Shown in Table 1 are the estimated type I error rates of the proposed NetDifM, VEWDM, NetDifM based on permutation (NetDifMpm) and Yates’D under different sample sizes. It reveals that all type I error rates based on permutation procedure are close to given nominal level (α = 0.05). NetDifM tended to be slightly conservative under small sample size, while using the asymptotic distribution maintains a good control of type I error rate under large sample size.

Table 1 Type I error rates of four methods

Full size table

Figure 3a indicates the statistical power under scenario 1 when only vertices changed with the network topological structure demonstrates in Fig. 1a. As expected, Yates’D has no power due to that it can only capture the edge change. NetDifM is substantially more powerful than VEWDM, and it is slightly less powerful than its permutation-based type. Similar trend could also be found under the relative larger scale network (Fig. 3b).

Shown in Fig. 4 is the performance under scenario 2 (only edges change). The statistical power of all methods monotonically increases with sample size. NetDifM has much higher power than that of VEWDM and Yates’D. The power of NetDifM and Yates’D keep almost the same in the larger scale network (Fig. 4b).

Figure 5 illustrates the statistical power under the scenario 3 (both edges and vertices change). Both NetDifM and VEWDM are much more powerful than Yates’D, and NetDifM still has the best performance.

To evaluate the scalability and computational efficiency of the proposed methods, we also conducted simulations using a larger network with 40 vertices and 54 edges (see in Additional file 1: Figure S1). It is clear that the proposed NetDifM still have the best performance (see in Additional file 1: Figure S2; Additional file 1: Table S3).

Figure 6 indicates the results given the deviation from the normal distribution, where the proposed statistics still hold the relative better performance than other method.

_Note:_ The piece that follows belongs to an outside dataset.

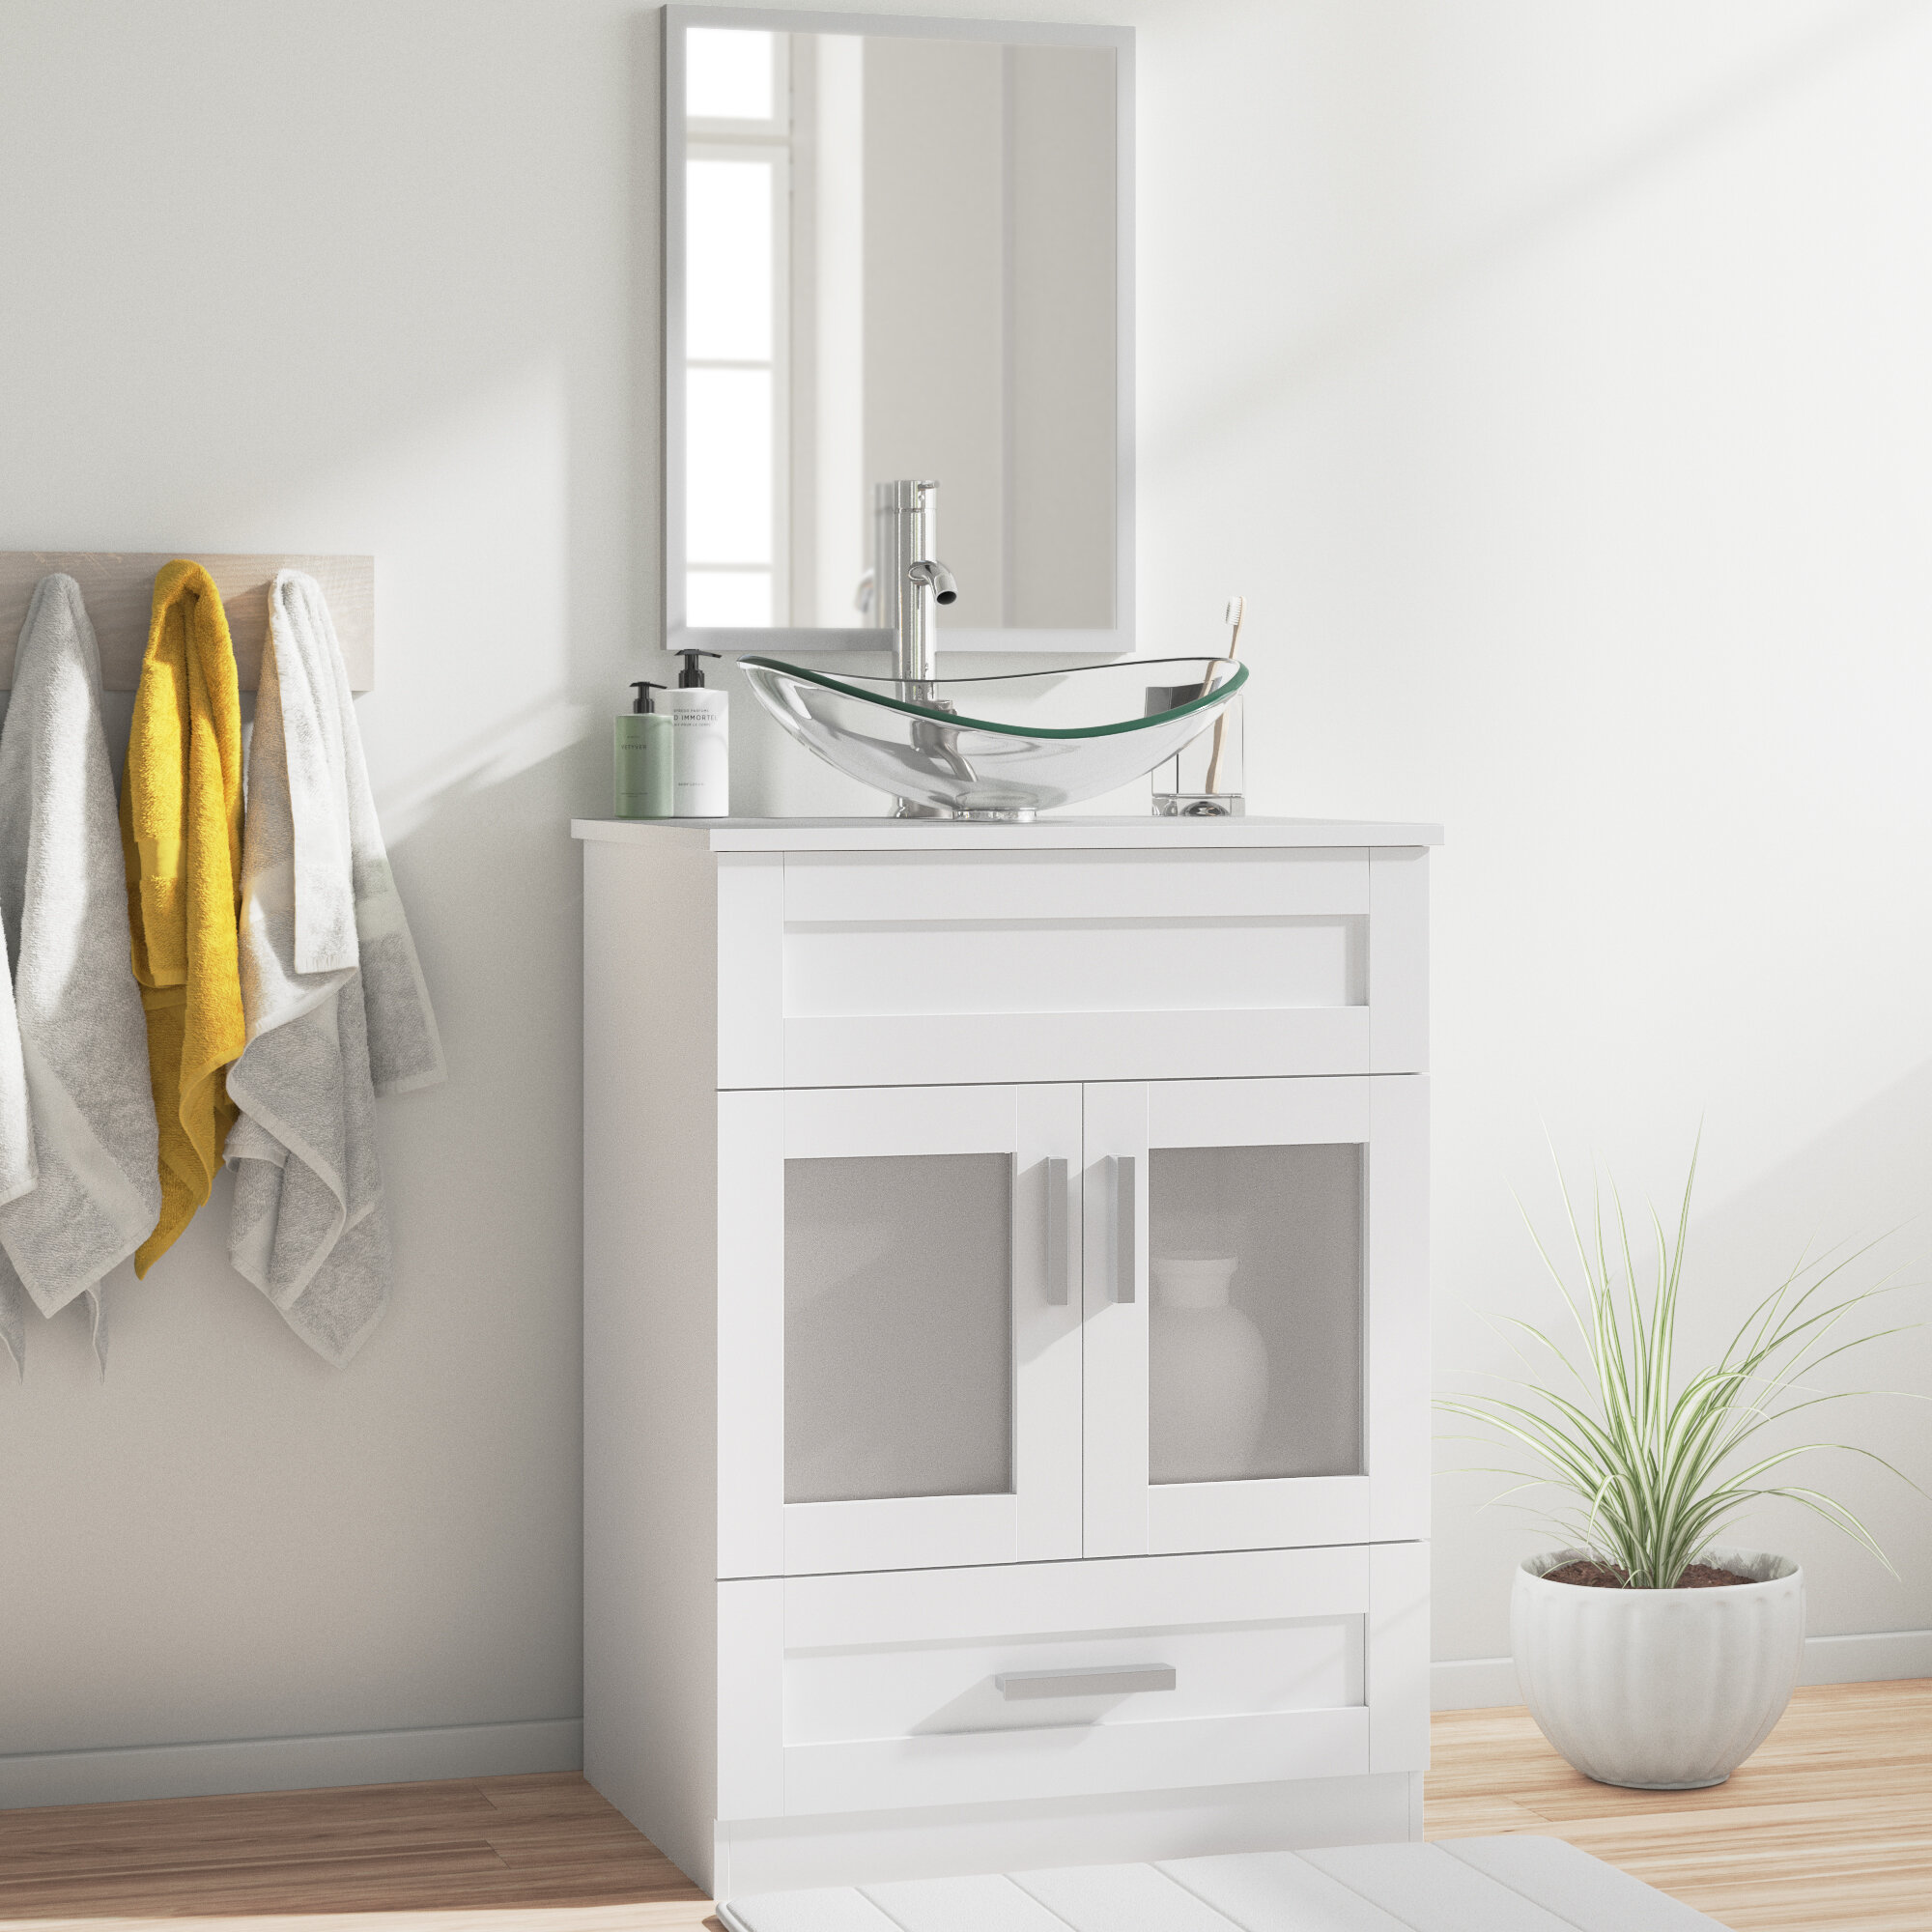 Zipcode Design™ Bevilacqua 24'' Free Standing Single Bathroom

Table 2 presents the estimated computing time. It indicates that the proposed NetDifM indeed runs fast, and the computational time increases as the network become larger.

Table 2 Computing time (seconds) of four methods with sample size 200 and 1000 permutations

Full size table

The results of application

Network difference analysis for both the GWAS of leprosy and gene expression data of ovarian cancer further confirm in practice that the proposed NetDifM captured the network changes. Shown in Table 3 are the results of the proposed NetDifM and other methods for detecting the network difference between two groups. The difference of gene interaction network with 5 genes can be detected significantly at α = 0.05 by NetDifM, NetDifMpm and VEWDM.

Table 3 P-values of the four methods for the two real data sets (1000 times permutation)

Full size table

Group difference of the subnetwork of PI3K-AKT signaling pathway was detected significantly at α = 0.05 by NetDifM, NetDifMpm and VEWDM. When applied to the subnetwork of Notch signaling pathway, all four methods can detect the network difference significantly (Table 3). Shown in Table 4 are the results of the proposed NetDifM and other methods for detecting the specific vertices, treating a vertex as well as its connected edge as a network, under1000 permutation times.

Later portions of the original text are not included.